Thoroughly Modern Millie

Thoroughly Modern Millie
Book by Richard Morris and Dick Scanlan; new music Jeanine Tesori; new lyrics Richard Scanlan; based on original story & screenplay by Richard Morris for the Universal Pictures movie Thoroughly Modern Millie. The Production Company. State Theatre, Arts Centre Melbourne. 3 – 11 August 2019

There is much to admire and enjoy in this dazzling, all-out production of the 2002 Broadway hit. The story may be familiar – hick from the sticks comes to New York, New York to make her fortune – but in a thoroughly modern way.  ‘Modern’, that is, for 1922.  Millie Dillmount (Annie Aitken), from Salina, Kansas, plans to find a rich boss and marry him.  Simple.  On the way through intrepid Millie will also thwart the white slavers kidnapping girls and shipping them off to Peking (as it was then). 

But the story or the silly, predictable plot is not the point.  Or it is the point when we enjoy what fun Richard Morris and Dick Scanlan had with their deliberate assembly of clichés and musical show tropes, and their musical grab bag of old toons, homages and send-ups.  Only the tune of ‘Thoroughly Modern Millie’ is retained from the 1967 hit movie.

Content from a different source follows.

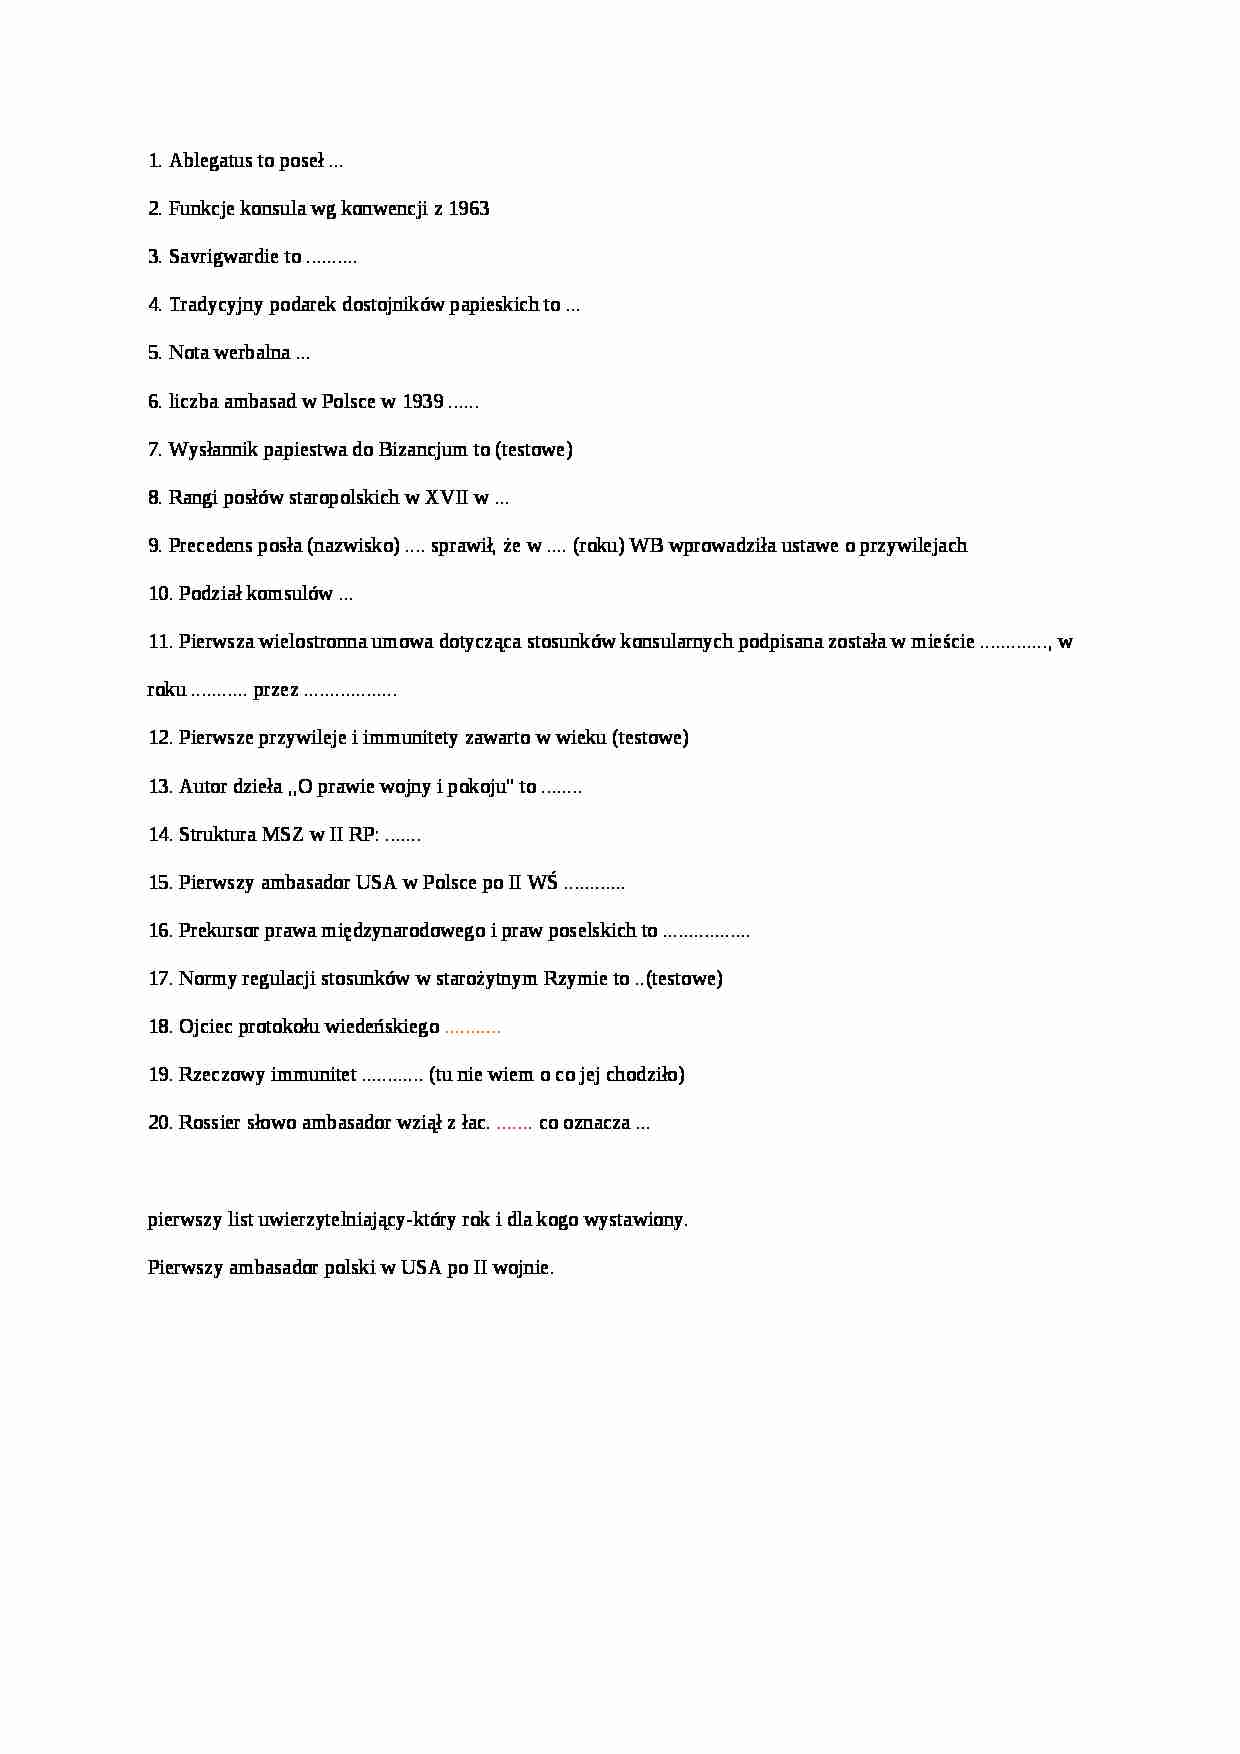 Protokół dyplomatyczny - pytania do egzaminu - strona 1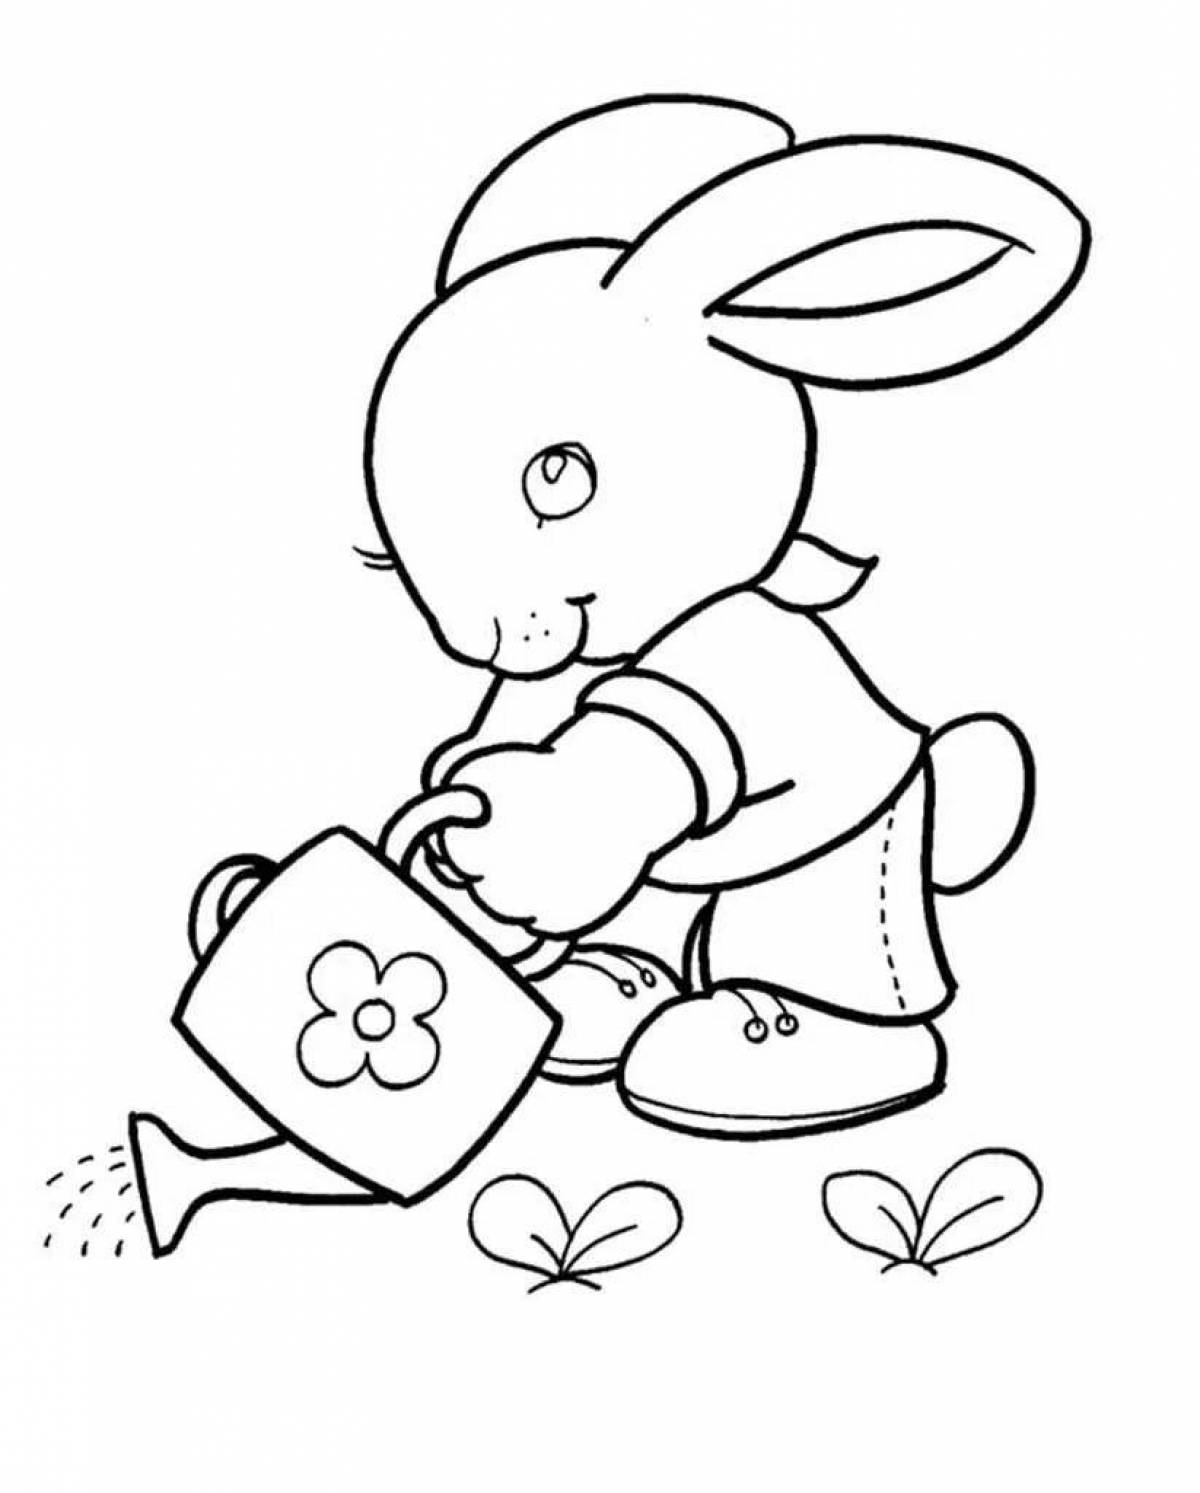 Веселая раскраска кролик для детей 2 лет

The Production Company takes all that and gives it to us with a great on-stage orchestra (directed by Peter Casey in his 9th show for The Production Company), that sounds a lot bigger than it is, lots of irresistible tap dancing, glamorous costumes, ingenious design, pacey, knowing direction and a great cast – all of them consciously and playfully bringing types and caricatures to life.  Everyone is just that bit over the top but what else would they do?  And would it be as much fun if they didn’t?

There are sterling performances from Adam-Jon Fiorentino as Millie’s self-absorbed boss, Trevor, and from Nigel Huckle as Jimmy Smith, the paper clip salesman: both of these gentlemen understand perfectly what the show requires, and they certainly deliver with great vitality and charm.  Queenie Van De Zandt just might be a little restrained by her role as dowager Muzzy Van Hossmere (the Fairy Godmother role) but she gives the show some old-fashioned cabaret oomph.  Angela Scundi is strait-laced office termagant Miss Flannery – with a delightful couple of reveals.

There is that persistent issue of ‘is this racist or not?’ in the depiction of the two Chinese immigrants Ching Ho (Keith Brockett) and Bun Foo (Jonathan Chan) and their boss Mrs Meers (Marina Prior) who is only pretending to be Chinese.  Well, ‘Chinese’ with a more Japanese pronunciation problem and references to anywhere in ‘Asia’ that is over there, somewhere.  Dick Scanlan protested that these are deliberate caricatures and anti-racist because they show up how silly the caricatures are but judging by the hearty and raucous laughter from some sections of my audience, somehow, I don’t think so.  At least the always entertaining Mr Brockett and Mr Chan are of Asian background, and Ms Prior pushes the ridiculous every chance she gets.  (You can see why audiences love Ms Prior – she takes what she gets and runs with it all the way.)  The plot, such as it is (see above), desperately needs the white slavery B-plot as it supplies a sort of ‘action climax’ when the love story plot is just about over and out of puff.

Claire Lyon as Millie’s BFF Miss Dorothy Brown makes credible the combination of dumb but stubborn – and she, together with Mr Fiorentino supply an amazing interlude with their song-and-dance romantic send-up of ‘Ah! Sweet Mystery of Life’ – which is very funny but somehow very sweet at the same time – one of the best sequences in the show, nicely contrasting with an oblivious Millie, who wants Trevor to love her, making a phone call. 

Of course, there is no ‘correct’ way to play the eponymous Millie, but I’d have thought that a degree of sweet naiveté might soften her mercenary ambitions and earn her a little more sympathy.  Annie Aitken and her director Chris Parker, however, opt for brassy and focussed determination.  For me, that’s a strange choice and a little off-putting.  Although we certainly know all along what’s coming, this take on the character rather robs Millie of any poignancy when she realises she was wrong.  None of that seemed to bother the opening night audience: they loved Ms Aitken and gave her thunderous standing ovation.

After the bold move of mounting the very risky Lazarus (the brilliance of its production aside), The Production Company’s choice of Thoroughly Modern Millie for their second show of the year would seem to be a solid, middle-of-the-road choice for subscribers and lovers of the musical, reassuring and familiar, pastiche but perky, and loaded with talent, pizzazz and glamour.